YES

We show the termination of the TRS R:

  purge(nil()) -> nil()
  purge(.(x,y)) -> .(x,purge(remove(x,y)))
  remove(x,nil()) -> nil()
  remove(x,.(y,z)) -> if(=(x,y),remove(x,z),.(y,remove(x,z)))

-- SCC decomposition.

Consider the dependency pair problem (P, R), where P consists of

p1: purge#(.(x,y)) -> purge#(remove(x,y))
p2: purge#(.(x,y)) -> remove#(x,y)
p3: remove#(x,.(y,z)) -> remove#(x,z)

and R consists of:

r1: purge(nil()) -> nil()
r2: purge(.(x,y)) -> .(x,purge(remove(x,y)))
r3: remove(x,nil()) -> nil()
r4: remove(x,.(y,z)) -> if(=(x,y),remove(x,z),.(y,remove(x,z)))

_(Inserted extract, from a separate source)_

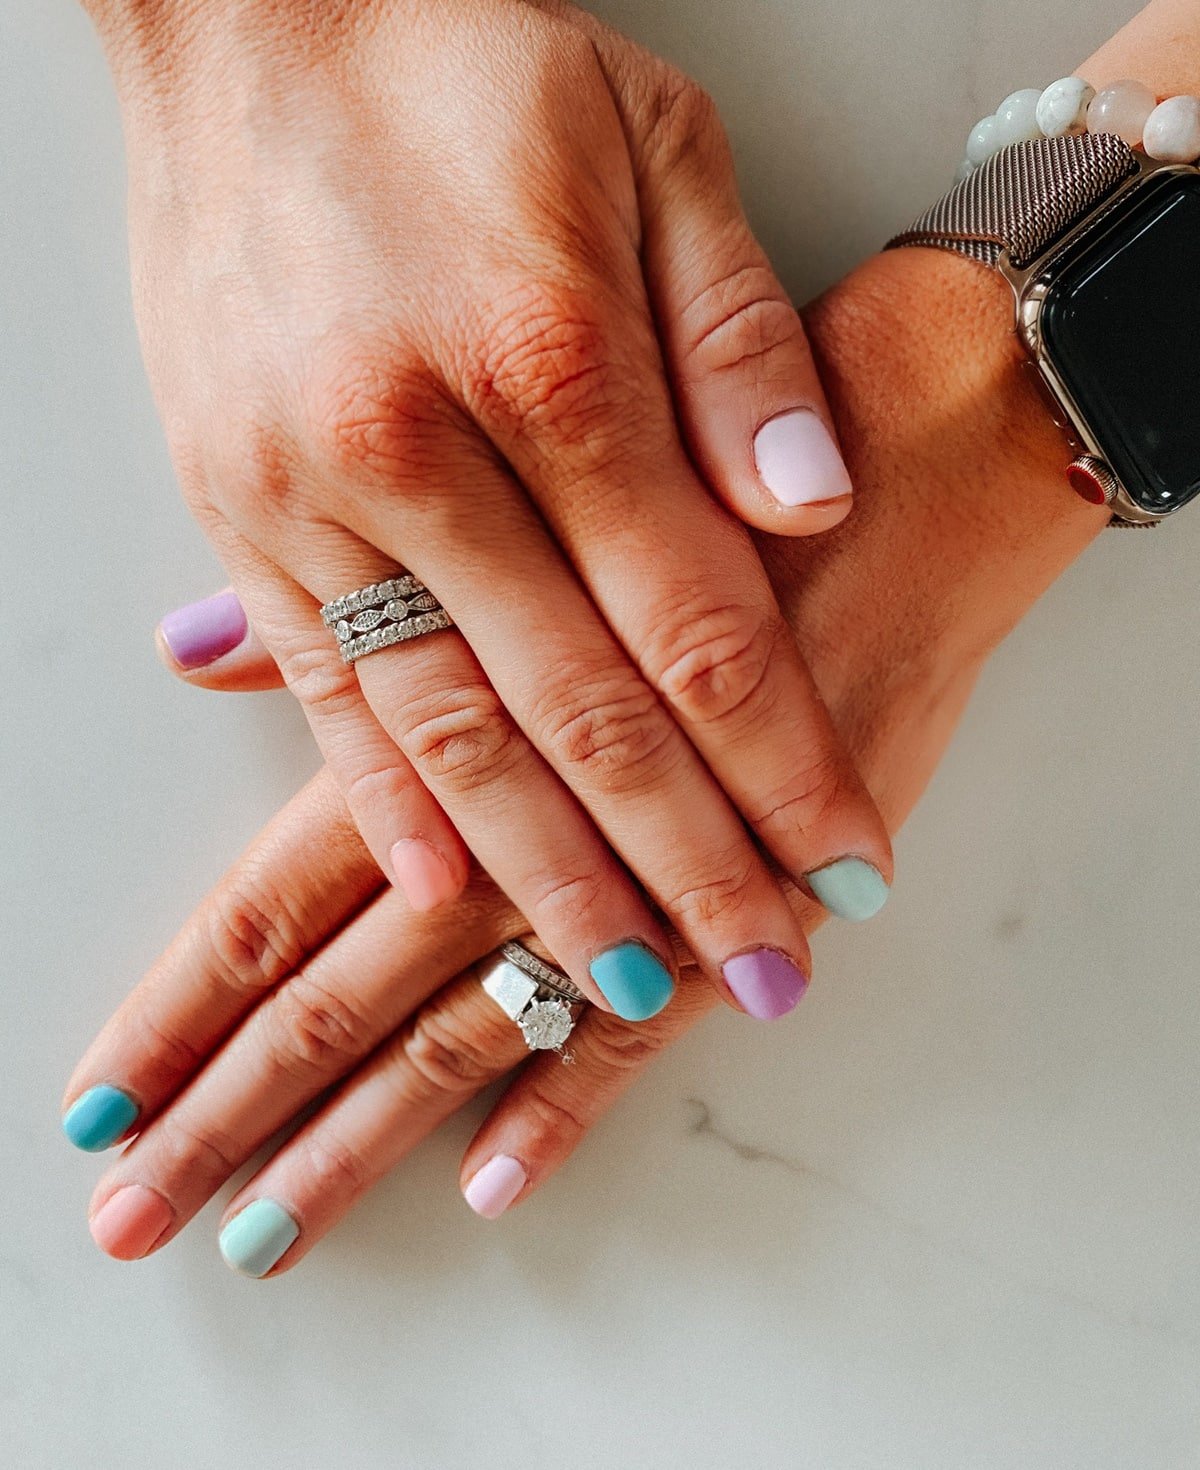 6 spring 2020 nail trends to try right now - Mint Arrow
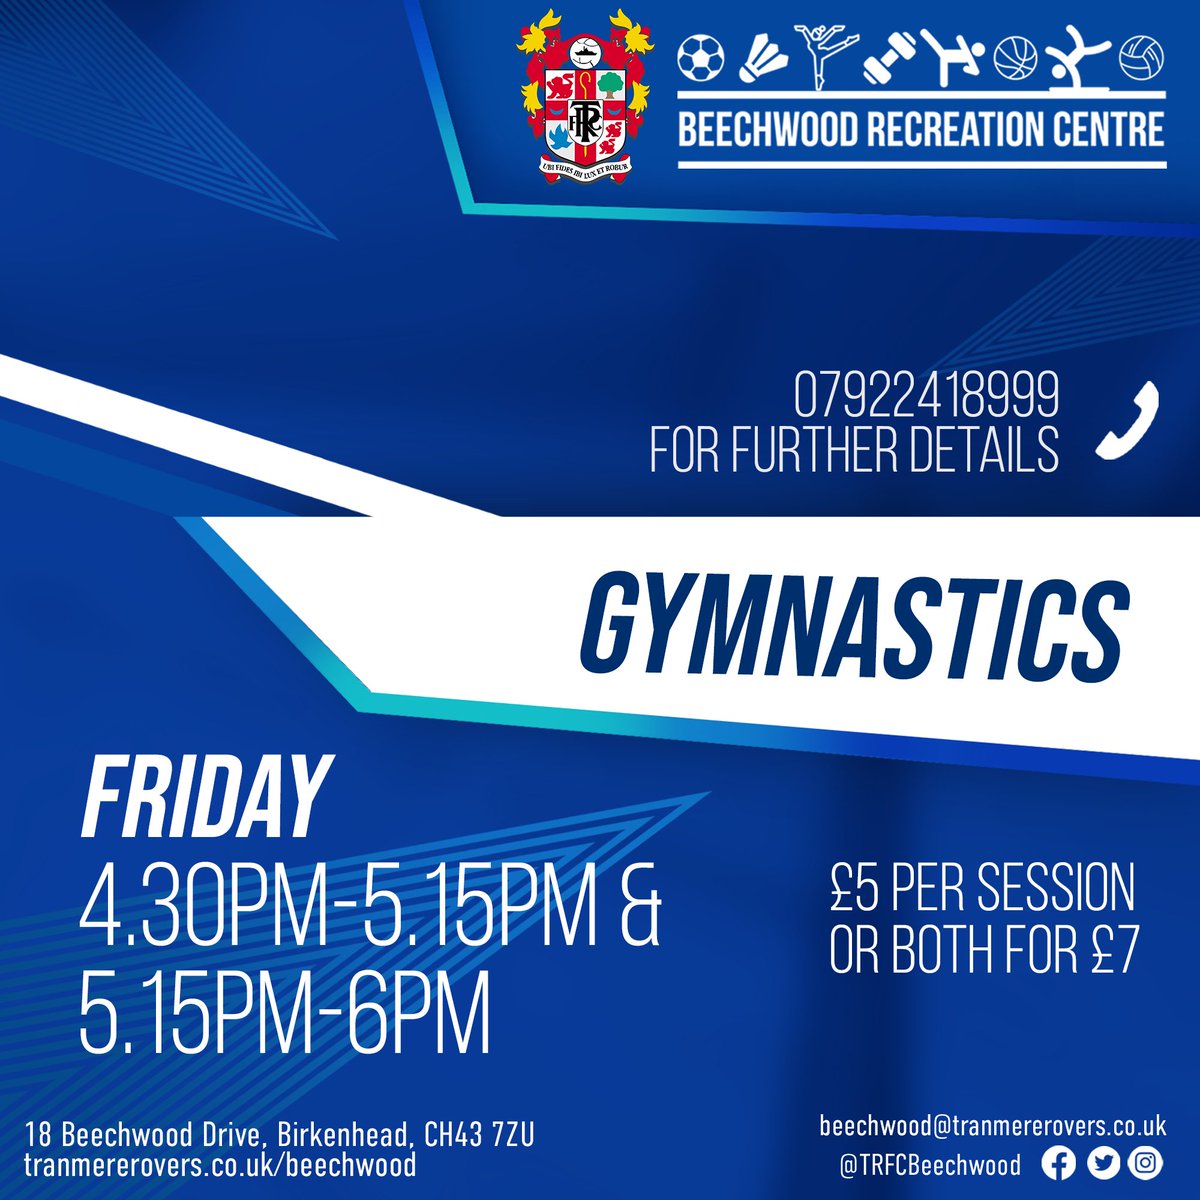 🤸‍♀️ Come along to Gymnastics at Beechwood every Friday! Here are all the details - message the phone number shown for any further info. #TRFC #SWA

The estimated dependency graph contains the following SCCs:

  {p1}
  {p3}


-- Reduction pair.

Consider the dependency pair problem (P, R), where P consists of

p1: purge#(.(x,y)) -> purge#(remove(x,y))

and R consists of:

r1: purge(nil()) -> nil()
r2: purge(.(x,y)) -> .(x,purge(remove(x,y)))
r3: remove(x,nil()) -> nil()
r4: remove(x,.(y,z)) -> if(=(x,y),remove(x,z),.(y,remove(x,z)))

The set of usable rules consists of

  r3, r4

Take the reduction pair:

  lexicographic combination of reduction pairs:
  
    1. lexicographic path order with precedence:
    
      precedence:
      
        = > if > nil > remove > purge# > .
      
      argument filter:
    
        pi(purge#) = 1
        pi(.) = 2
        pi(remove) = 2
        pi(nil) = []
        pi(if) = 2
        pi(=) = [1, 2]
    
    2. lexicographic path order with precedence:
    
      precedence:
      
        = > if > nil > . > remove > purge#
      
      argument filter:
    
        pi(purge#) = 1
        pi(.) = [2]
        pi(remove) = [2]
        pi(nil) = []
        pi(if) = 2
        pi(=) = [1, 2]
    
    3. lexicographic path order with precedence:
    
      precedence:
      
        = > if > nil > remove > . > purge#
      
      argument filter:
    
        pi(purge#) = []
        pi(.) = [2]
        pi(remove) = 2
        pi(nil) = []
        pi(if) = 2
        pi(=) = 1
    

The next rules are strictly ordered:

  p1

We remove them from the problem.  Then no dependency pair remains.

-- Reduction pair.

Consider the dependency pair problem (P, R), where P consists of

p1: remove#(x,.(y,z)) -> remove#(x,z)

and R consists of:

r1: purge(nil()) -> nil()
r2: purge(.(x,y)) -> .(x,purge(remove(x,y)))
r3: remove(x,nil()) -> nil()
r4: remove(x,.(y,z)) -> if(=(x,y),remove(x,z),.(y,remove(x,z)))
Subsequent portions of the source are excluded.